Jesus não prometeu vida fácil a seus seguidores!

A cena de Jesus com seus discípulos no caminho para Jerusalém, retratada no


Evangelho de São Mateus (cf Mt 16,21-27), é muito ilustrativa. Jesus lhes fala
da própria rejeição pelas autoridades do templo de Salomão, em Jerusalém, de
seus sofrimentos, morte na cruz e ressurreição ao terceiro dia. Pedro, cheio de
vontade de "defender" o Mestre, quer convencê-lo a desistir do caminho para
Jerusalém: "Deus te livre, isso não te acontecerá!"

As palavras de Jesus a Pedro são duras: "vá para longe de mim, satanás! És
para mim, ocasião de tropeço!" São as mesmas palavras usadas por Jesus
para superar a terceira tentação no deserto, antes de iniciar sua missão pública
(cf Mt 4,10). Pedro fazia o papel de "tentador" e Jesus o afastou
decididamente, continuando seu caminho para Jerusalém: "tu não pensas
conforme Deus, mas conforme os homens!" (cf Mt 16,23).

De qual tentação tão grave se tratava? Se Jesus desse razão a Pedro, evitaria
os sofrimentos anunciados. Qual seria o mal? É que essa tentação implicava
em desistir do Evangelho e da missão de Jesus. Pedro, ingenuamente,
querendo impedir que algo de mal acontecesse a Jesus, acabaria desviando
Jesus do seu caminho, impedindo-o de ser a testemunha fiel da verdade de
Deus, de ser coerente e fiel à missão de manifestar o amor de Deus até às
últimas consequências. Era uma grande tentação!
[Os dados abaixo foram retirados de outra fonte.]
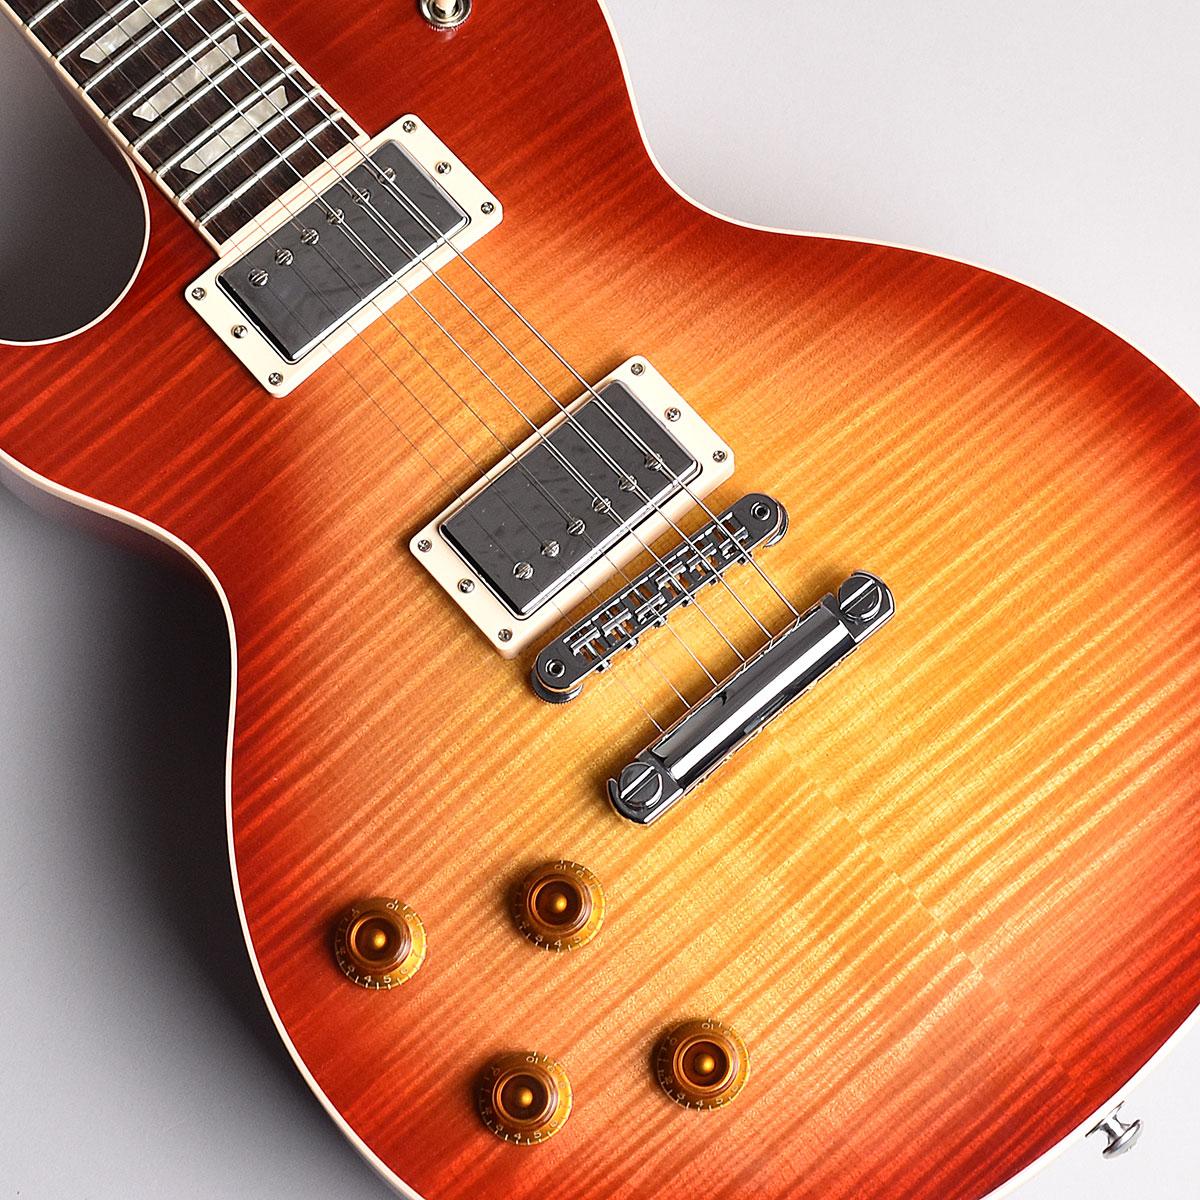 Gibson Les Paul Standard 2018 Left Hand Heritage Cherry Sunburst S/N:180025653 【レフトハンド】 【ギブソン】【イオンモール幕張新都心店】

Jesus não atrai os discípulos para facilidades, vantagens, prosperidade e


glórias terrenas: "se alguém quer me seguir, renuncie a si mesmo, tome a sua
cruz e me siga!" (Mt 16,24). Várias outras passagens do Evangelho retratam o
convite a seguir Jesus, não por interesses pessoais, mas a abraçar de coração
inteiro o Evangelho do reino de Deus por ele anunciado e tornado presente no
mundo.

É antiga e sempre atual a tentação de oferecer Jesus como um "produto" para


a solução mágica para todos os males, sem a exigência de verdadeira fé e
conversão ao reino de Deus. Um cristianismo sem mudança de vida, sem cruz
nem renúncia aos próprios projetos, sem sintonia com o projeto de Deus, sem
os 10 mandamentos da lei de Deus, seria falsificar Jesus e o Evangelho!

Essa tentação traiçoeira, mais do que nunca, pode ser atual em nossos dias:
pretende-se apresentar um Jesus simpático e atraente, produto falsificado nas
vitrines de um mercado religioso sempre mais florescente, para atrair adeptos
com toda sorte de facilidades e vantagens. Lembrou o Papa Francisco: uma
Igreja sem Jesus Cristo crucificado e ressuscitado, acabaria sendo uma
espécie de "ONG do bem", mas não seria mais a Igreja de Cristo!

Tentação perigosa, pois mexe com coisas muito sérias e induz a engano fatal:
"de que adianta alguém ganhar o mundo inteiro, mas perder a sua vida?" –
pergunta Jesus. (cf Mt 16,26). Quem busca Jesus apenas para ter vantagens
pessoais, facilidades, vaidades e riquezas, não "arrisca" nada por ele; não é a
Jesus e o reino de Deus que busca, mas apenas a si próprio e a seus projetos
pessoais. A "renúncia a si mesmo" equivale, de fato, à primazia absoluta dada
a Deus e a seus caminhos.

A "religião fácil" é uma tentação perigosa, um grave engano! No final de tudo,


se não houve sincera conversão e "renúncia a si mesmo", mesmo tendo
conseguido todas as vantagens do mundo, a frustração poderá ser total.